**PROVIDED DATA**
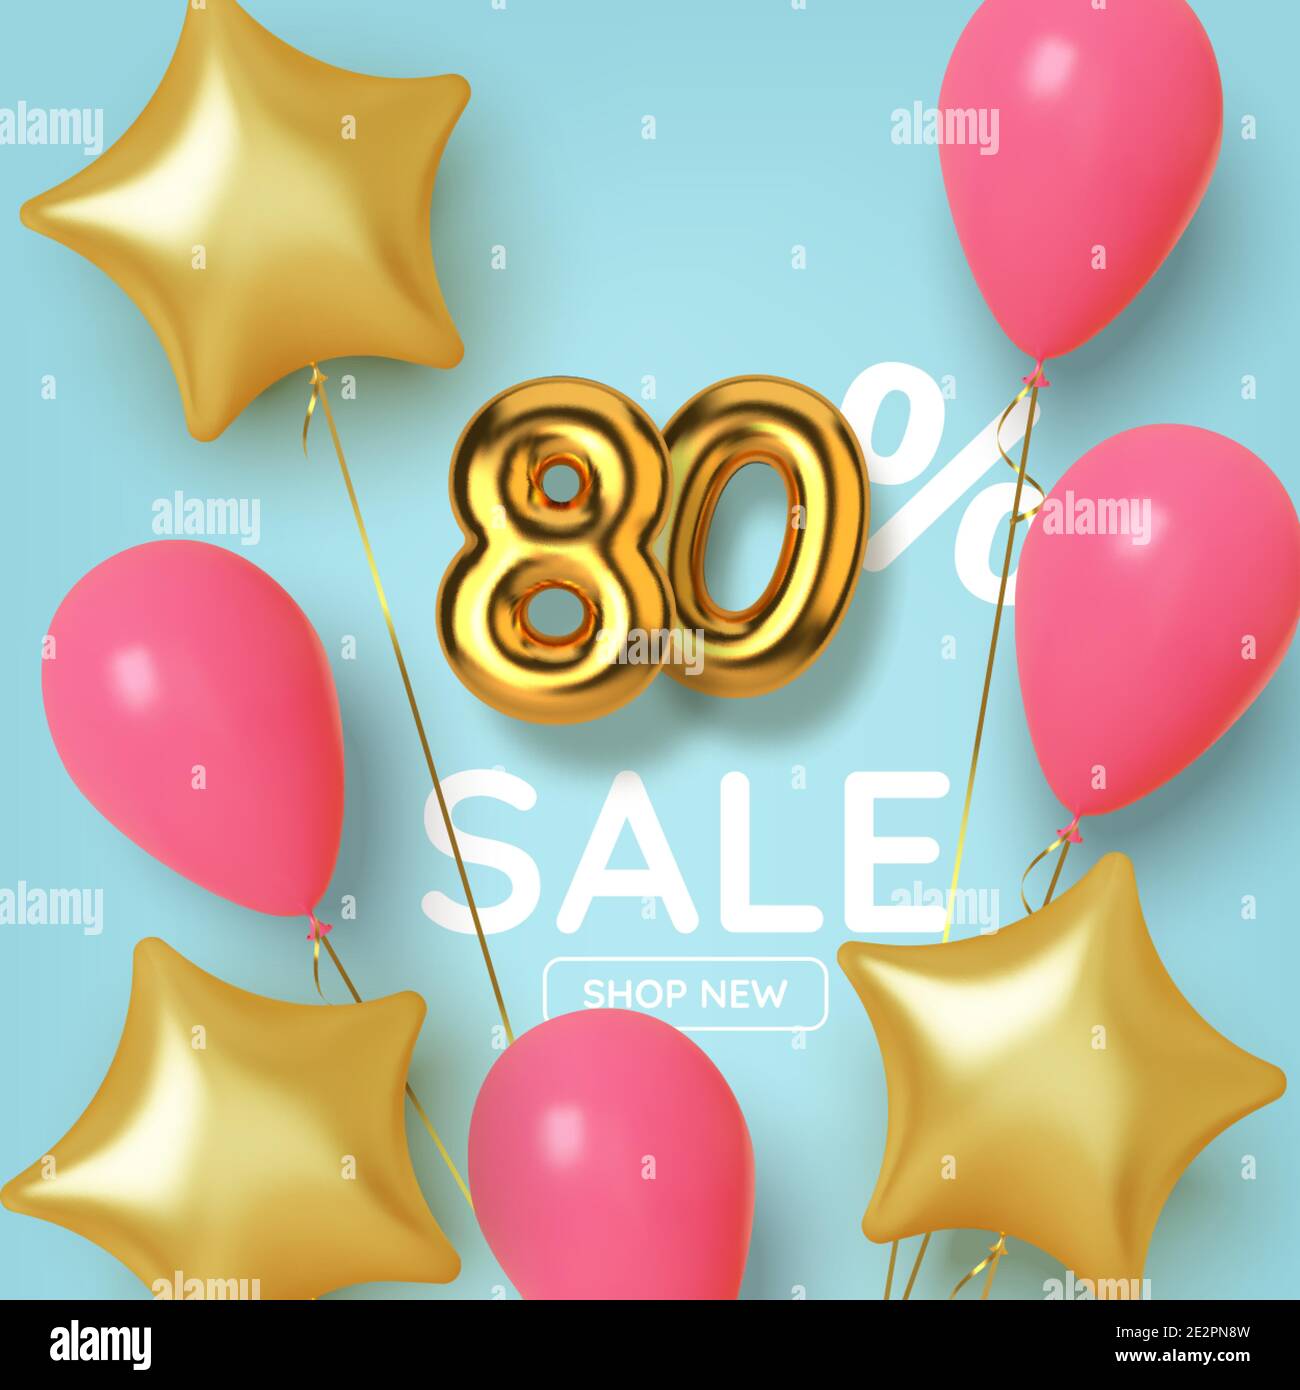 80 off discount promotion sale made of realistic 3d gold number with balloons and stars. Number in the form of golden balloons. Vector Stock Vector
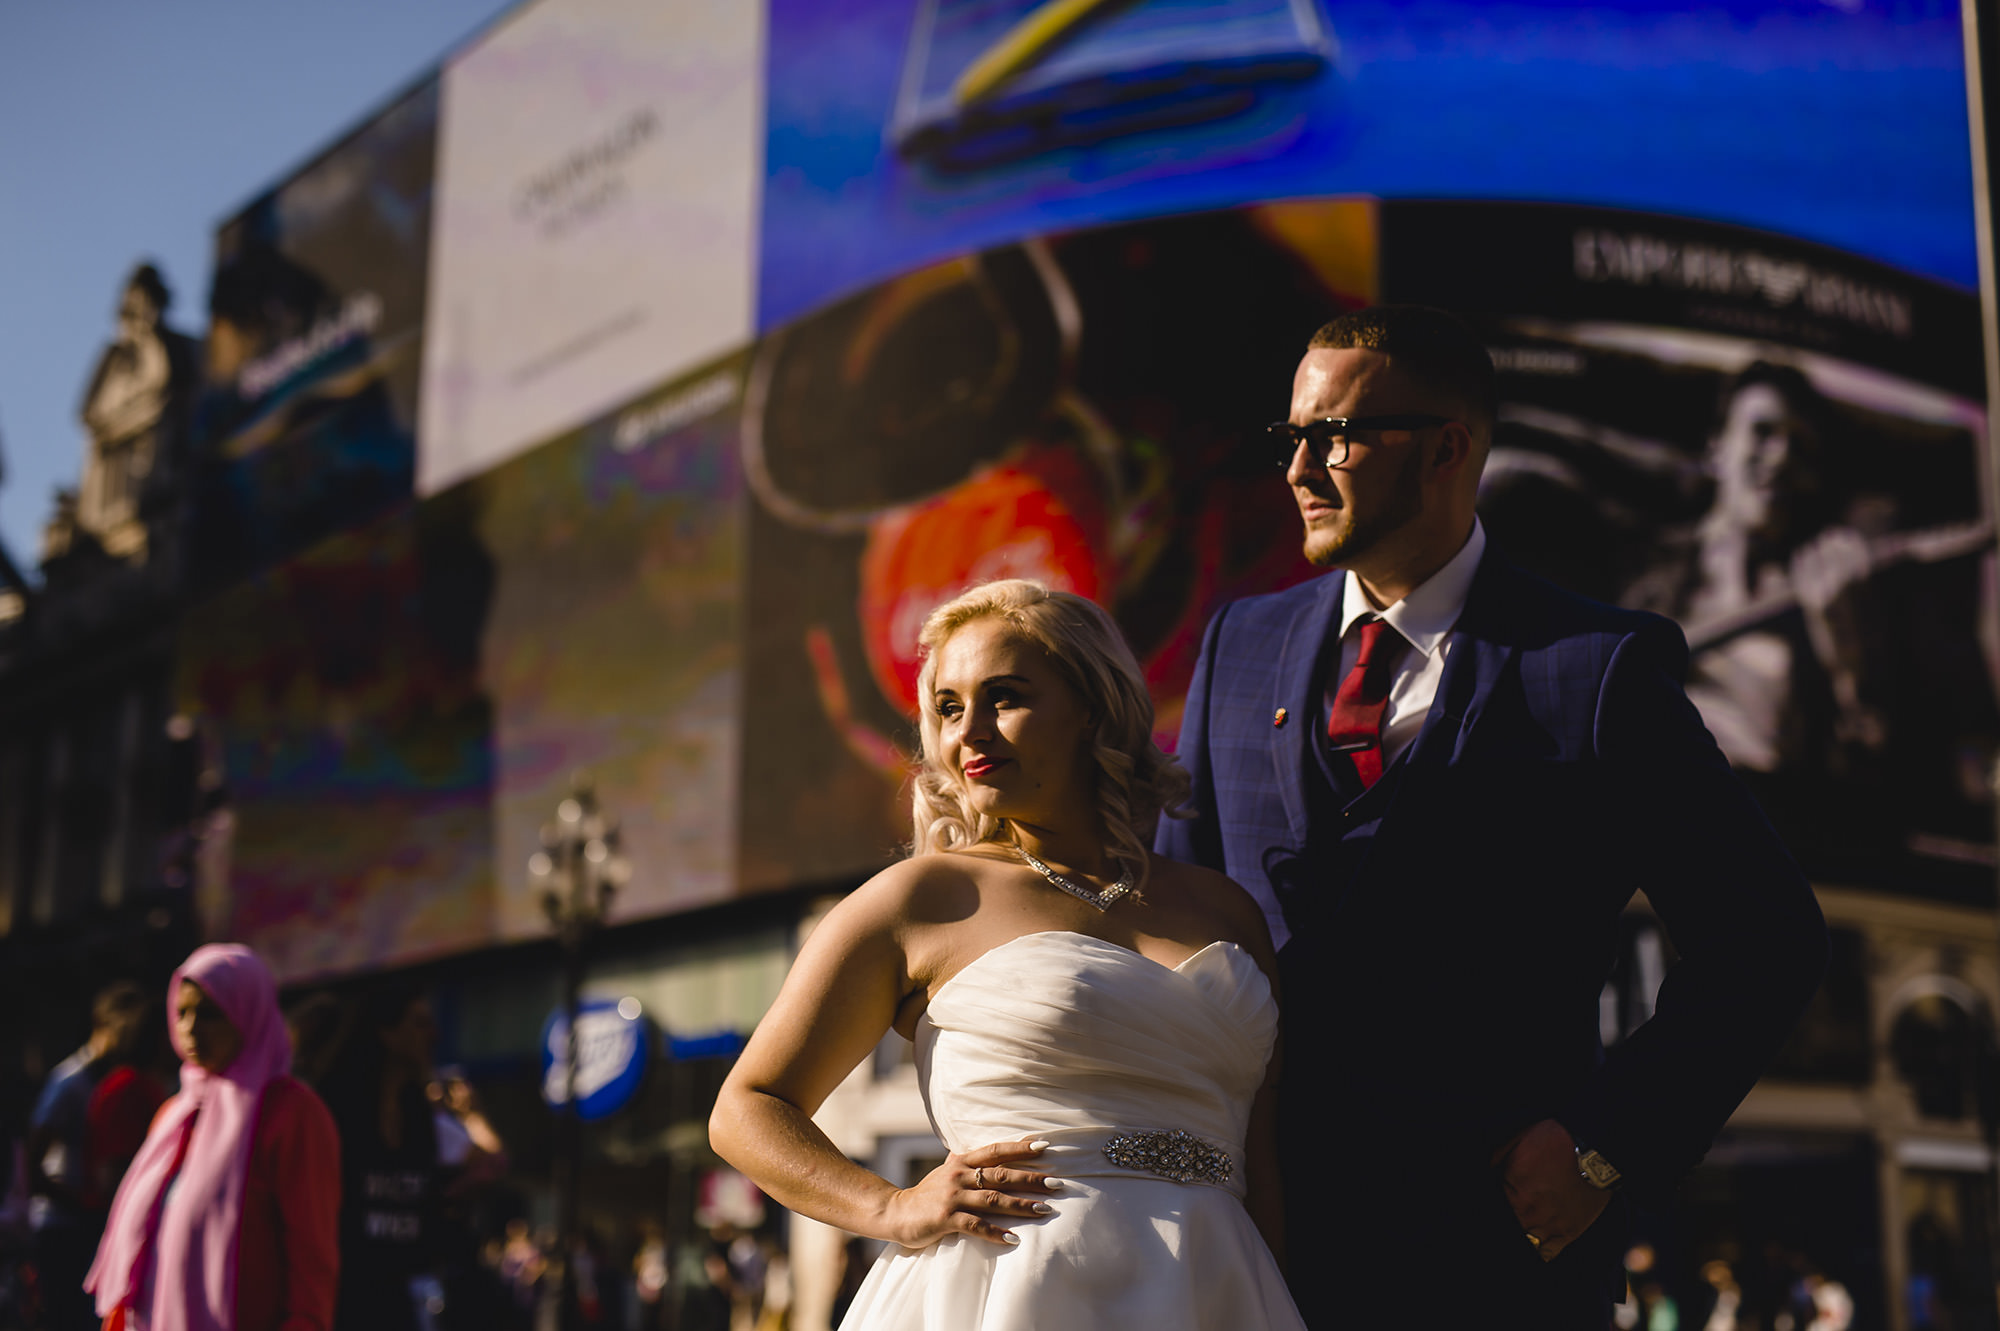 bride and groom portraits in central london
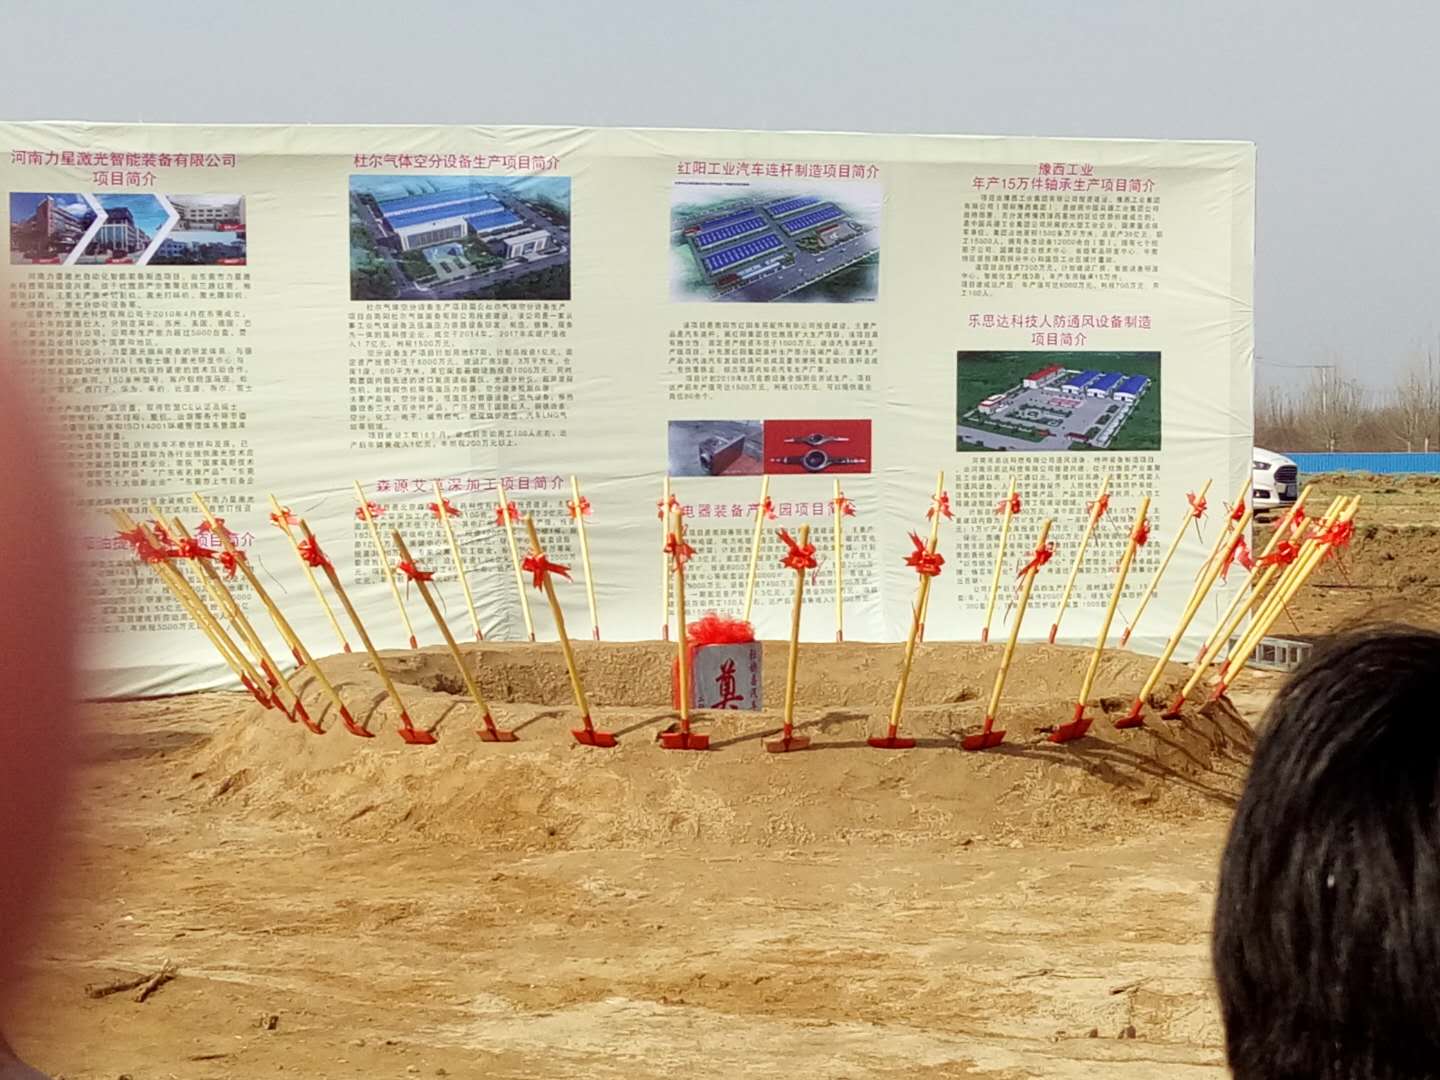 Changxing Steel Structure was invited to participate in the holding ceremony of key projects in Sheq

**PROBLEM DESCRIPTION**
Exactly the lines from the line that contains "bride and groom portraits in central london" through the last line above, and no other lines, must be output, with pictures excluded.

**OUTPUT FOR THIS EXERCISE**
 bride and groom portraits in central london
 Changxing Steel Structure was invited to participate in the holding ceremony of key projects in Sheq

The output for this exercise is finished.